**Dataset extract:**
********************
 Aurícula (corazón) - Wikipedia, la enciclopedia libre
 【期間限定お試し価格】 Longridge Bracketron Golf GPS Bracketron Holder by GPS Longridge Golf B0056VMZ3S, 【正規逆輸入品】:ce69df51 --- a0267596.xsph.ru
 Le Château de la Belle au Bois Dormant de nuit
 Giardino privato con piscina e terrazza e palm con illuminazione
********************
Output an exact copy of the lines from the one holding "B0056VMZ3S, 【正規逆輸入品】:ce69df51 --- a0267596.xsph.ru" to the last line of the data, inclusive, and nothing beyond that range.

 【期間限定お試し価格】 Longridge Bracketron Golf GPS Bracketron Holder by GPS Longridge Golf B0056VMZ3S, 【正規逆輸入品】:ce69df51 --- a0267596.xsph.ru
 Le Château de la Belle au Bois Dormant de nuit
 Giardino privato con piscina e terrazza e palm con illuminazione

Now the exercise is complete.